Password Management Servers

[niels]

Hey everybody,

at the company I'm working for, the number of servers is climbing very fast nowadays.

Now we're looking for a way to manage the access to these server instances, now is using ssh and PKI, so manually deploying/managing the keys is a hard task.

Also managing password of different services on the servers, is running out of control.

Does anybody know a good way of solving this, or some software implementation that could free us from this burden?

I was thinking of maybe using the YubiKey, for authentication.

Thanks a lot in advance.

Regards,

Niels

[Sparda]

This approach may not be suitable depending on what the servers are using for. You could setup LDAP and give those who need root sudo.

[niels]

This approach may not be suitable depending on what the servers are using for. You could setup LDAP and give those who need root sudo.

I did some more investigating on my own.

And I was thinking that a setup like this would work:

Setup an OpenRADIUS or YubiRADIUS server, add all my current servers as Radius clients.

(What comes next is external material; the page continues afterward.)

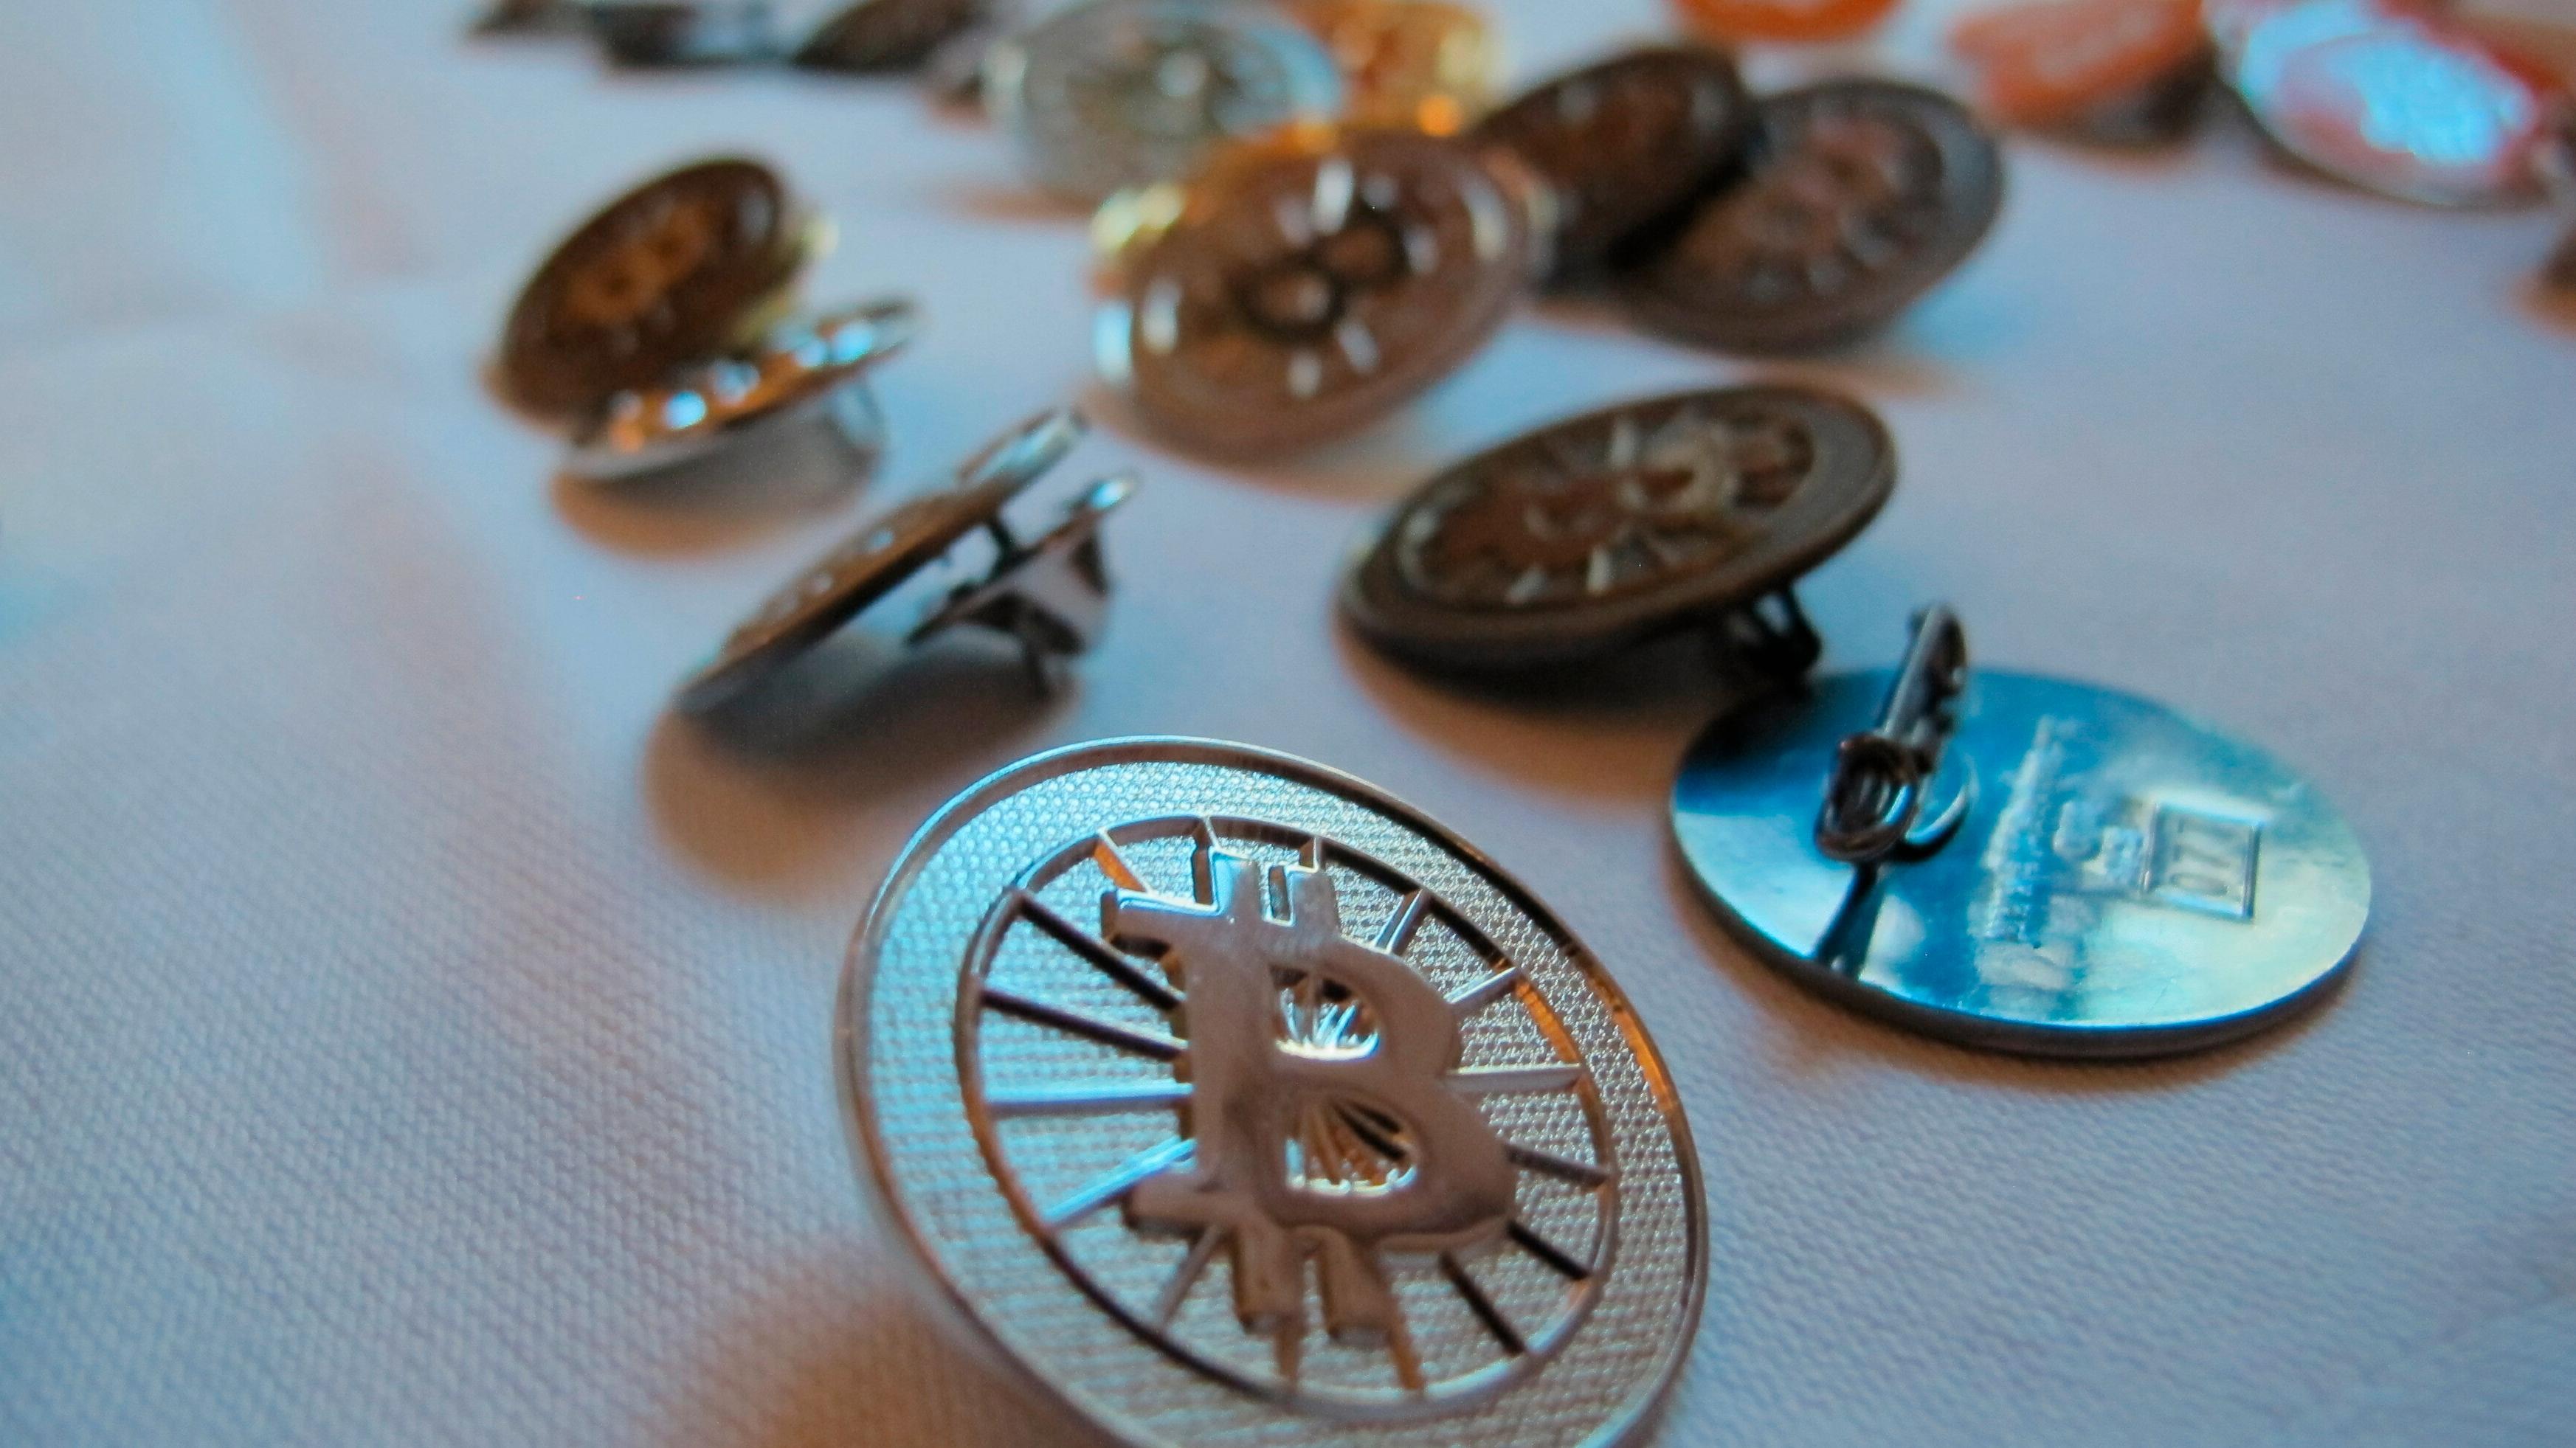 Bitcoins Norge tapte over fire millioner kroner i dataangrep

Then use a pam module with ssh so people could login.

This way I have Authentication, Authorization, and Accounting (AAA) but this has one drawback I can't manage privileges of the different users.

Downside is everybody could login on al the servers, that's something I would like to prevent.

So anybody who has a solution or comment on my idea?

Just exploring these solutions/ options / ideas myself so don't shoot me if I got the facts mixed up :).

But I'm eager to see what comment you guys have?

Does anybody has some experience with IAM systems (Identity and Access Management systems)?